The independent survey from eProcurement company Wax Digital maps the hopes and fears facing mid-sized, £50 million to £250 million turnover firms. Three quarters (74 per cent) have grown over the last three years and 55 per cent have become more ambitious about growing over the last two, but 80 per cent are juggling up to 15 growing pains – or things within the business that need radical change if they’re to achieve their goals.
Just two per cent say that they were not actively looking to expand and 92 per cent have strategies looking beyond ‘organic’ growth. Of these, 43 per cent intend to adopt new channels to market, 38 per cent will expand their existing product and service range, 28 per cent want to sell into different geographies and 24 per cent plan to innovate new products and services. A fifth (17 per cent) are also seeking growth through acquisition, nine per cent are looking for investment and eight per cent are exploring digital markets.
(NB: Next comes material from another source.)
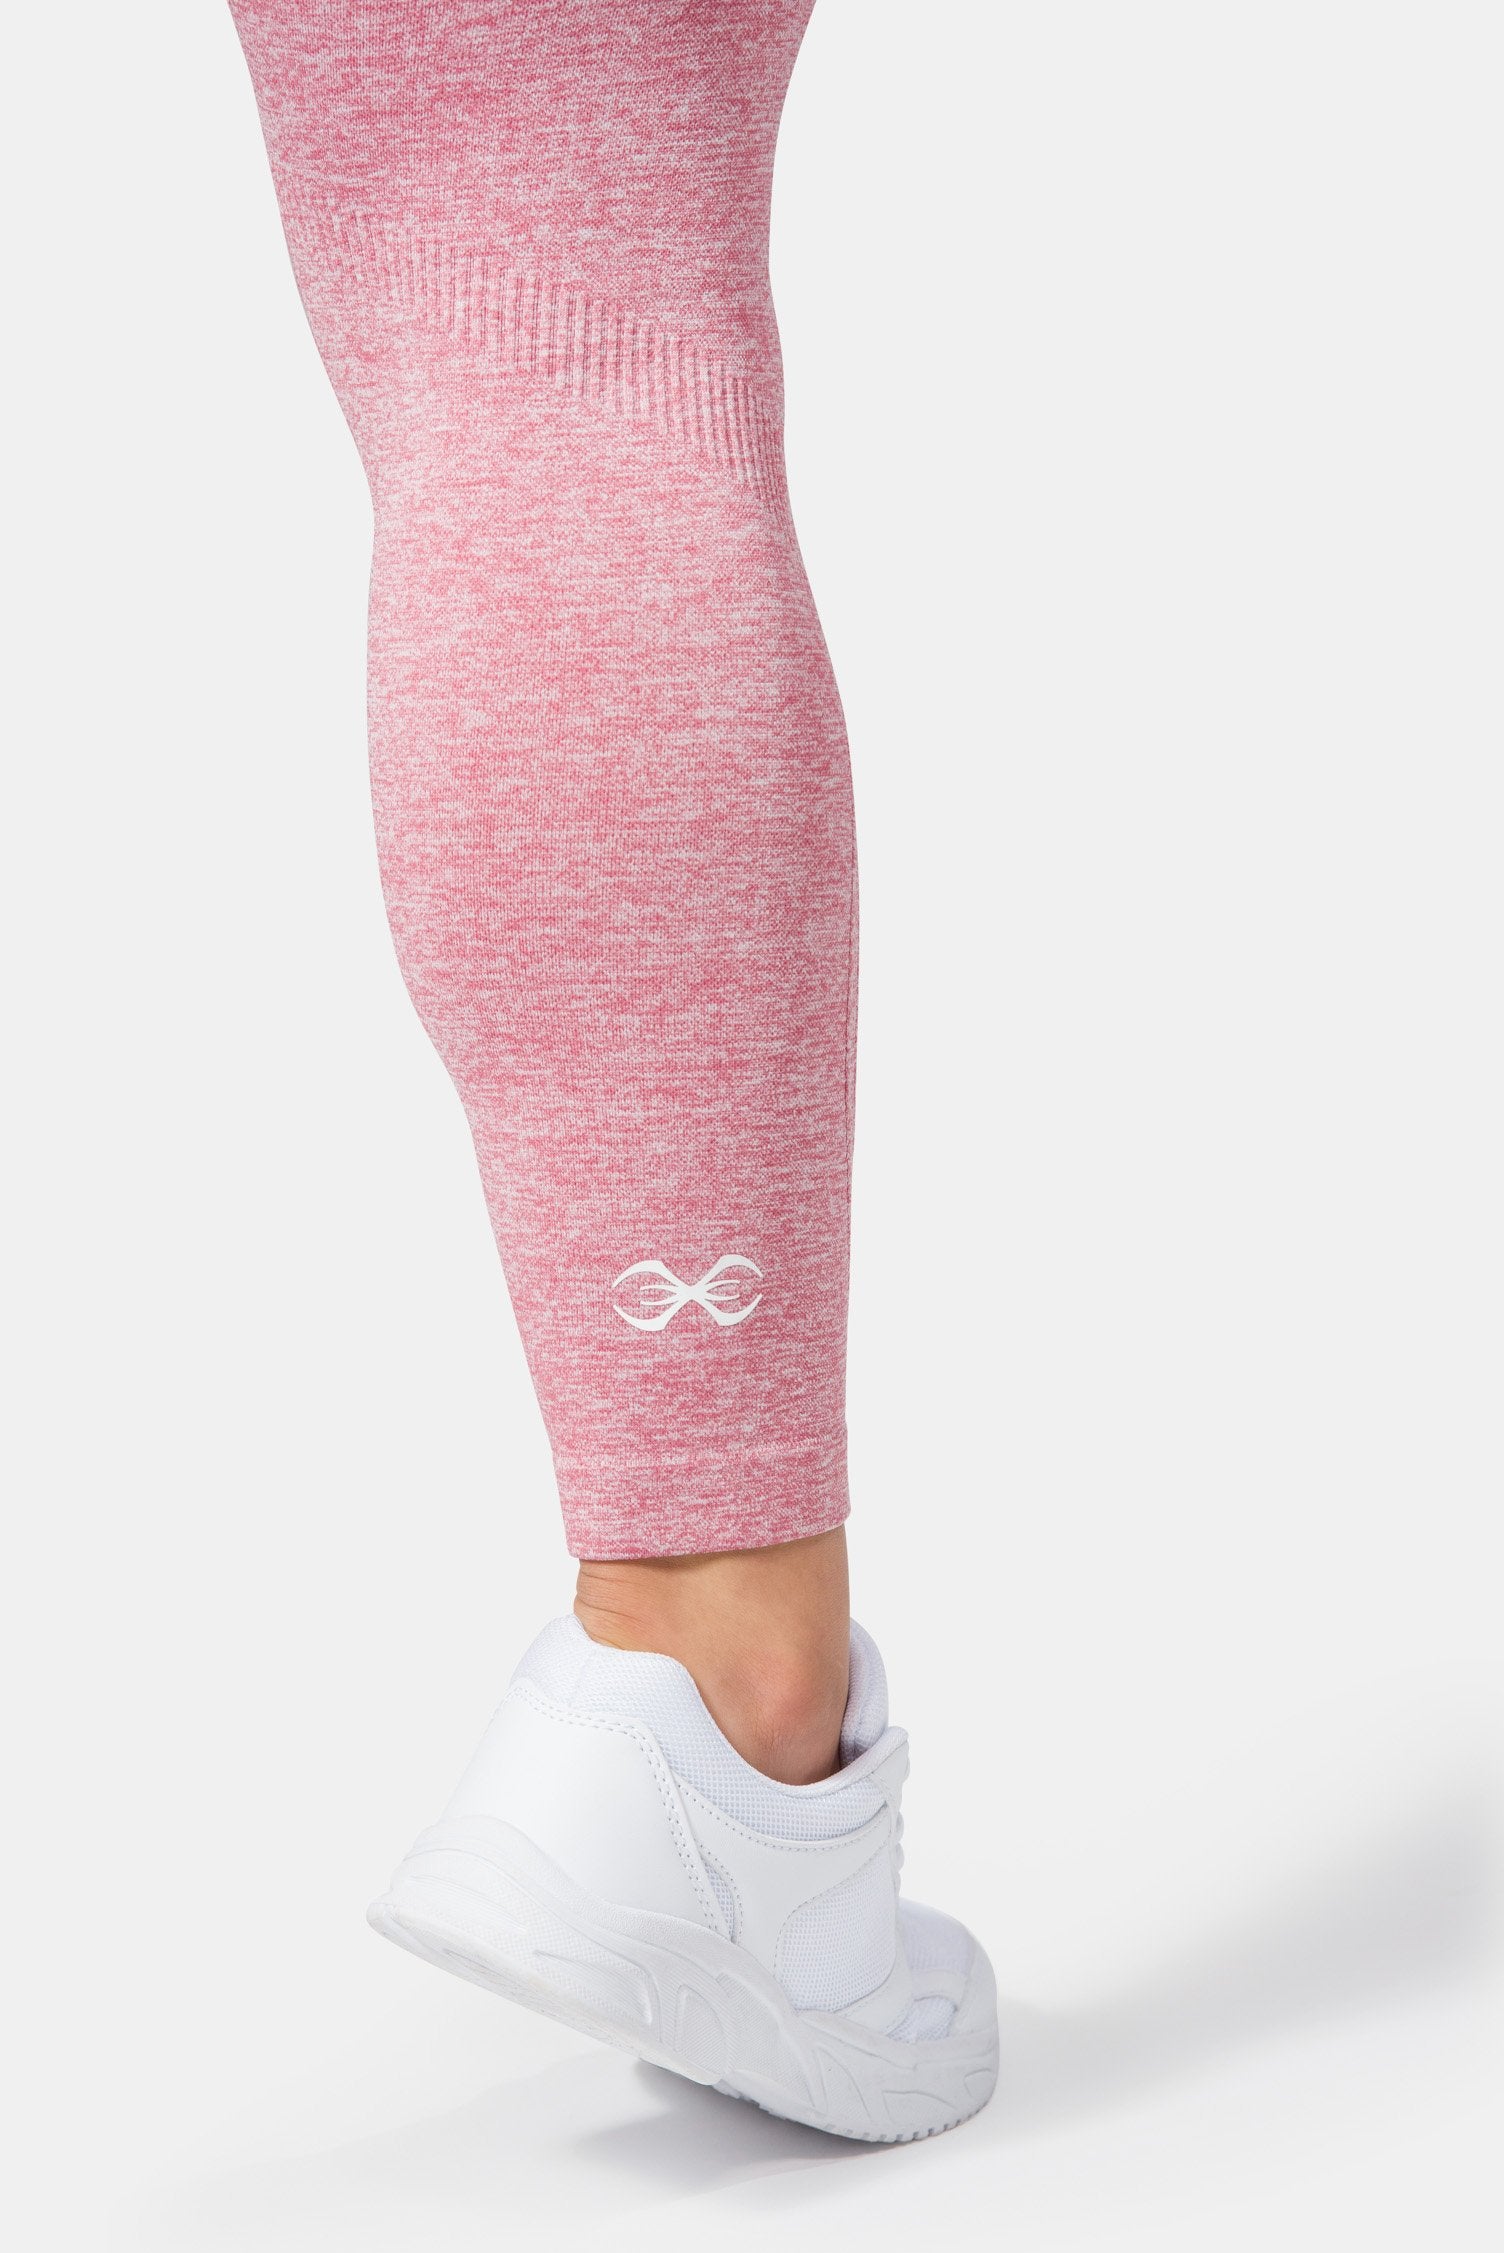 Is That The New Seamless Marled Knit Sports Leggings ??

However, these businesses are at a tipping point operationally; when questioned about six key growth challenges, they considered five of these more relevant to their business today than in the past or in the future. On average respondents cited these growth challenges as ‘relevant today’ 42 per cent of the time, compared to ‘relevant in the past’ 28 per cent of the time and ‘relevant in the future’ 16 per cent of the time.
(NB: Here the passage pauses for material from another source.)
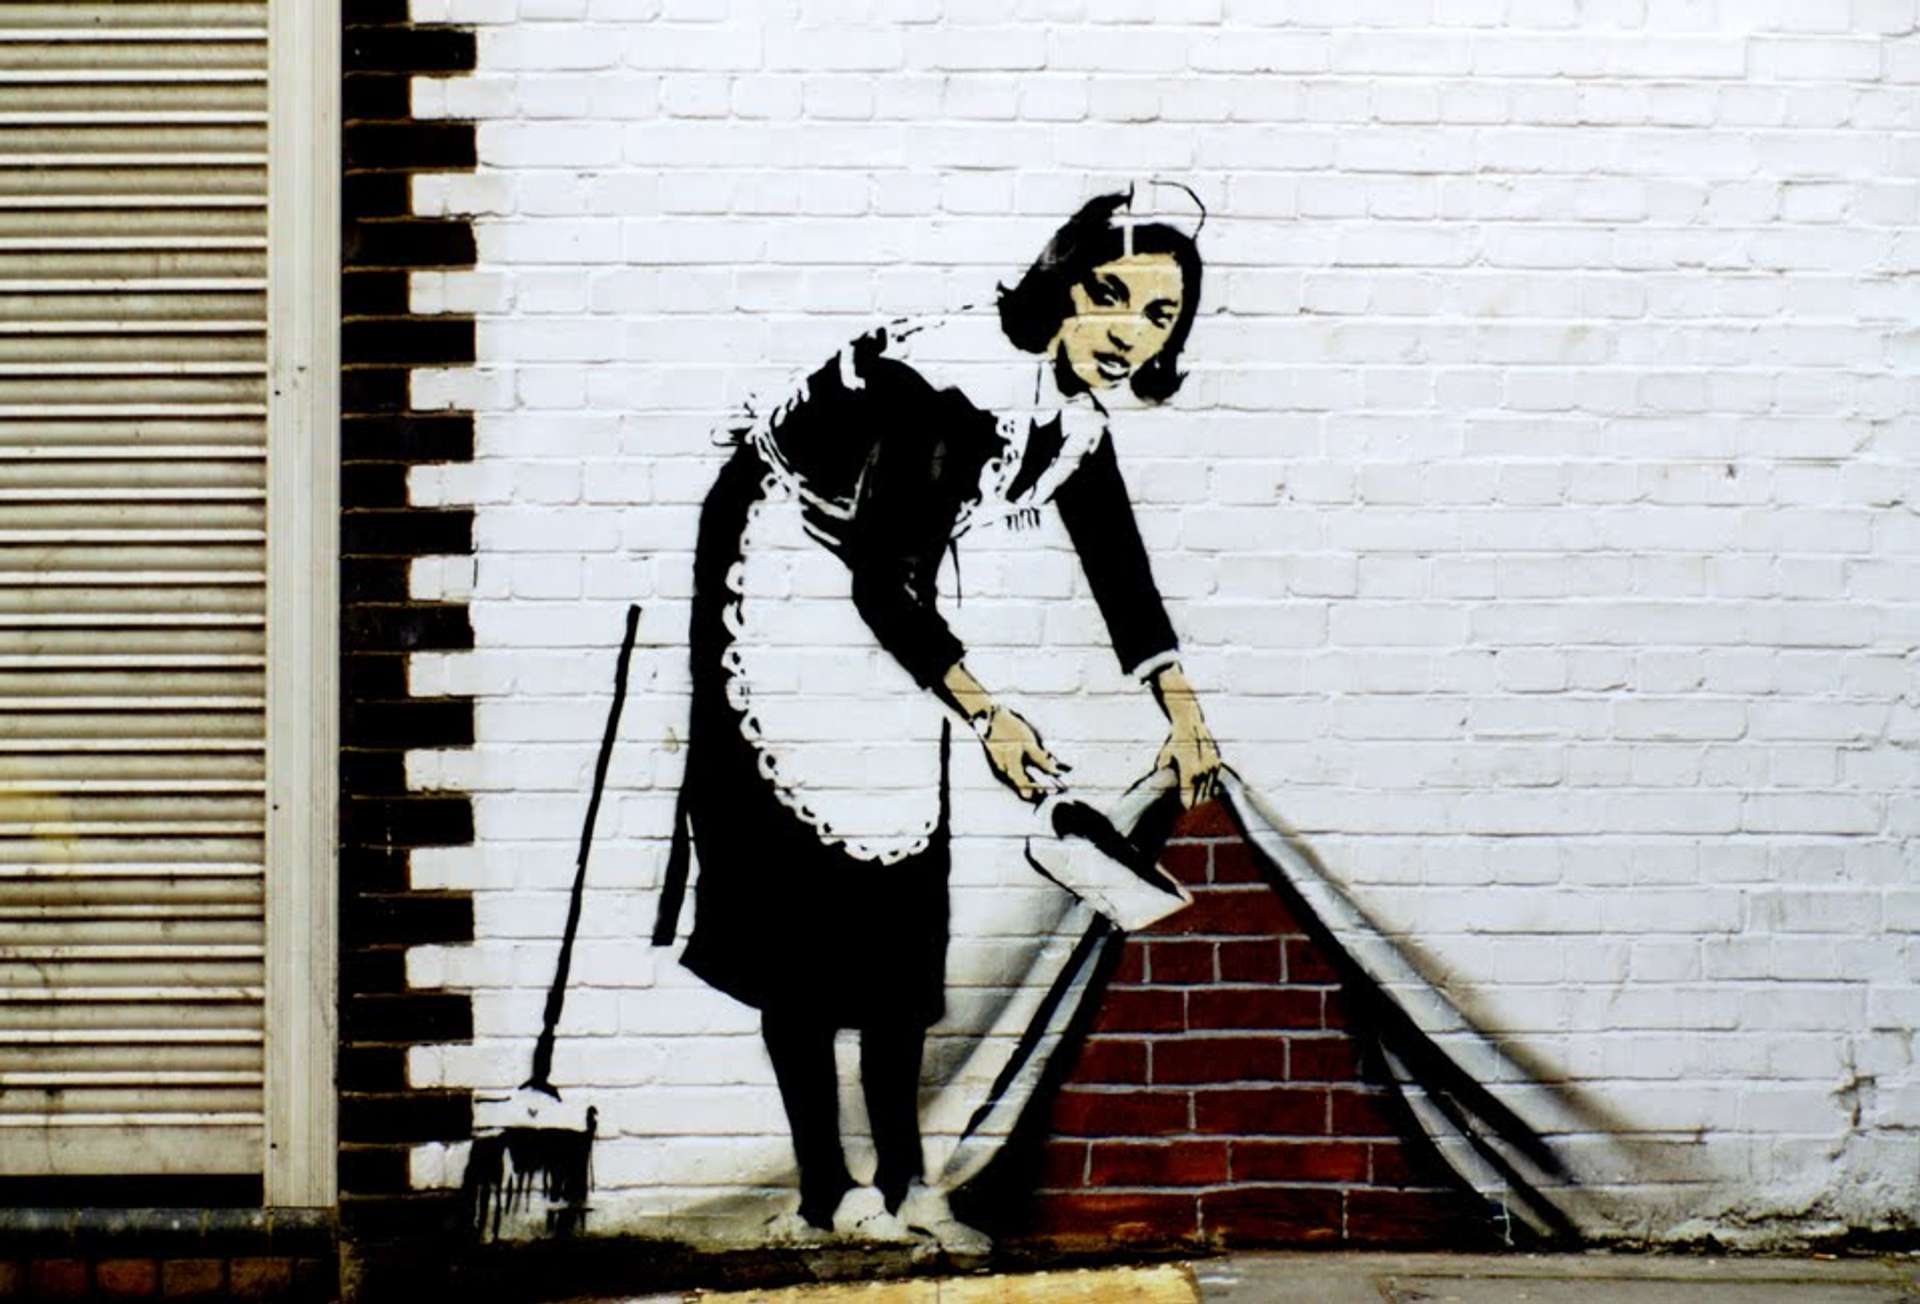 A street art mural by Banksy depicting a woman in a maid uniform, appearing to lift a white curtain to reveal the brick wall underneath where she discards her sweepings.

‘It’s a critical time for Britain’s business engine room amidst Brexit and other disruptive forces, but its performance is being throttled by the fact that these companies often end up running before they can walk,’ says Paul Ellis, managing director, Wax Digital.
Skills and talent shortages was the top growth risk cited by 39 per cent, followed closely by global political disruption for 37 per cent and Brexit for 36 per cent.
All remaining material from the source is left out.